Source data

--------------------------------------------------

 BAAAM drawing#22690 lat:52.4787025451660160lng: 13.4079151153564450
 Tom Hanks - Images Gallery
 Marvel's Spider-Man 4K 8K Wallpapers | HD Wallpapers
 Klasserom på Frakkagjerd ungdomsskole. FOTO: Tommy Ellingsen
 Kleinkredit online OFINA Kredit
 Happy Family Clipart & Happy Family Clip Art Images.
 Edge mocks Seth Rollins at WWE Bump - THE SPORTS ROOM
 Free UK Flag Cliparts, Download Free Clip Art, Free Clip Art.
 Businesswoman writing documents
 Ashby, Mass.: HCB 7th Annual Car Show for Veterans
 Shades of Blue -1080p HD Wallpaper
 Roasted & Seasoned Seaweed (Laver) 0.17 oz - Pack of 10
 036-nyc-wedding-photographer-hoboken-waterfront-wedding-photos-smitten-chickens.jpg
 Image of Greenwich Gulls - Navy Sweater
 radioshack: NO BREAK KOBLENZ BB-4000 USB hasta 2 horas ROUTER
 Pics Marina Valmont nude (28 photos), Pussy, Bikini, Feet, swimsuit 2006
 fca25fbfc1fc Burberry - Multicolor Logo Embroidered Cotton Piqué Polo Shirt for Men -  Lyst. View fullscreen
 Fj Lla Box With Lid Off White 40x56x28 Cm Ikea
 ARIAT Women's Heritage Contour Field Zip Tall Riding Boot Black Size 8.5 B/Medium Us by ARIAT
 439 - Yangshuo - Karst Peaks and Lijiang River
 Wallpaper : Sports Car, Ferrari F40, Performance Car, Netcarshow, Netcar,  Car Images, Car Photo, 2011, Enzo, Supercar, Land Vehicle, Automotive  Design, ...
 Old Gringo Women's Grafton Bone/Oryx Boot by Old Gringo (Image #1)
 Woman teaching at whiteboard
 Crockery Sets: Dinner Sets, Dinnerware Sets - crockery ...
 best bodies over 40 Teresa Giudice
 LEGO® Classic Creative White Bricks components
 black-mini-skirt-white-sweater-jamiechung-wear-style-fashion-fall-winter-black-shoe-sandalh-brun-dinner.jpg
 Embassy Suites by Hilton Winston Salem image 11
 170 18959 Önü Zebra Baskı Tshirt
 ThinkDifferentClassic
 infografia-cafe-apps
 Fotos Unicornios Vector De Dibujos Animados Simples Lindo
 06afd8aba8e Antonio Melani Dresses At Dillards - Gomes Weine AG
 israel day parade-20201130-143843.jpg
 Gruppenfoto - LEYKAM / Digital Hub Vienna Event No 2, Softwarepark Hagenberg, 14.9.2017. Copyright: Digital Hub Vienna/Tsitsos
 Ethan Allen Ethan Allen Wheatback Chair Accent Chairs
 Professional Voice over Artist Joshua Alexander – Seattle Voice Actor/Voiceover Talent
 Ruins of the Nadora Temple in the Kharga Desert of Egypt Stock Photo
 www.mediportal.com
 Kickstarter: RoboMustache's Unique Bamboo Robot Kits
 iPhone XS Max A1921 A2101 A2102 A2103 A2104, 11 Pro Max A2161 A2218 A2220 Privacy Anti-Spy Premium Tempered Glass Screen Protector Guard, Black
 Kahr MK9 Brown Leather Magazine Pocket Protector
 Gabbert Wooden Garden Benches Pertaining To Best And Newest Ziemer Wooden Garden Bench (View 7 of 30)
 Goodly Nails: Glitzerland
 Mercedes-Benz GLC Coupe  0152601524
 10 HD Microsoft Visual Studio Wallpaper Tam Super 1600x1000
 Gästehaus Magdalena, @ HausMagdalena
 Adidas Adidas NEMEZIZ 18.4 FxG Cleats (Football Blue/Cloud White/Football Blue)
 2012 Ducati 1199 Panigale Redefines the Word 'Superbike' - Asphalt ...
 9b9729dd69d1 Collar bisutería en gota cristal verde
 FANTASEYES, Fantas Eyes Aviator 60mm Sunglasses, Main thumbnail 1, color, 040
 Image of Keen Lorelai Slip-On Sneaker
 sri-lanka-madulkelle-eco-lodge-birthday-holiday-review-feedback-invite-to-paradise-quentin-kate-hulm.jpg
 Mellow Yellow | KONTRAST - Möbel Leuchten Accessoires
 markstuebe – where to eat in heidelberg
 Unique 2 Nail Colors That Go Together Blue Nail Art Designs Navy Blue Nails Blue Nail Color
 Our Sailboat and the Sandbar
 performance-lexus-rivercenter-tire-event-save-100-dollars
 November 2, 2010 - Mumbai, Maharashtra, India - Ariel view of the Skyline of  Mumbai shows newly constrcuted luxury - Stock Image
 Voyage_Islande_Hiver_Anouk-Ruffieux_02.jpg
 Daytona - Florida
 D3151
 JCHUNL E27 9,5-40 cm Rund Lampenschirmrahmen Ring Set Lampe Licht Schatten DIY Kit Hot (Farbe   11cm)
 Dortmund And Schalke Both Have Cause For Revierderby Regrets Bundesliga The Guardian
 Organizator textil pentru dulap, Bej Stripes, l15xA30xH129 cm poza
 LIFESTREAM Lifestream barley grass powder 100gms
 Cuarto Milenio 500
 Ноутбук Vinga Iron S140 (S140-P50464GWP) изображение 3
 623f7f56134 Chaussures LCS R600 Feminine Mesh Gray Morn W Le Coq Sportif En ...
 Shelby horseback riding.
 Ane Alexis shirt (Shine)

--------------------------------------------------

=== YOUR ASSIGNMENT ===
What is needed is a verbatim copy of every line in the records above from the one containing "Gabbert Wooden Garden" down to the one containing "Unique 2 Nail", both included, and nothing more.

=== ANSWER TO THE PROBLEM ===
 Gabbert Wooden Garden Benches Pertaining To Best And Newest Ziemer Wooden Garden Bench (View 7 of 30)
 Goodly Nails: Glitzerland
 Mercedes-Benz GLC Coupe  0152601524
 10 HD Microsoft Visual Studio Wallpaper Tam Super 1600x1000
 Gästehaus Magdalena, @ HausMagdalena
 Adidas Adidas NEMEZIZ 18.4 FxG Cleats (Football Blue/Cloud White/Football Blue)
 2012 Ducati 1199 Panigale Redefines the Word 'Superbike' - Asphalt ...
 9b9729dd69d1 Collar bisutería en gota cristal verde
 FANTASEYES, Fantas Eyes Aviator 60mm Sunglasses, Main thumbnail 1, color, 040
 Image of Keen Lorelai Slip-On Sneaker
 sri-lanka-madulkelle-eco-lodge-birthday-holiday-review-feedback-invite-to-paradise-quentin-kate-hulm.jpg
 Mellow Yellow | KONTRAST - Möbel Leuchten Accessoires
 markstuebe – where to eat in heidelberg
 Unique 2 Nail Colors That Go Together Blue Nail Art Designs Navy Blue Nails Blue Nail Color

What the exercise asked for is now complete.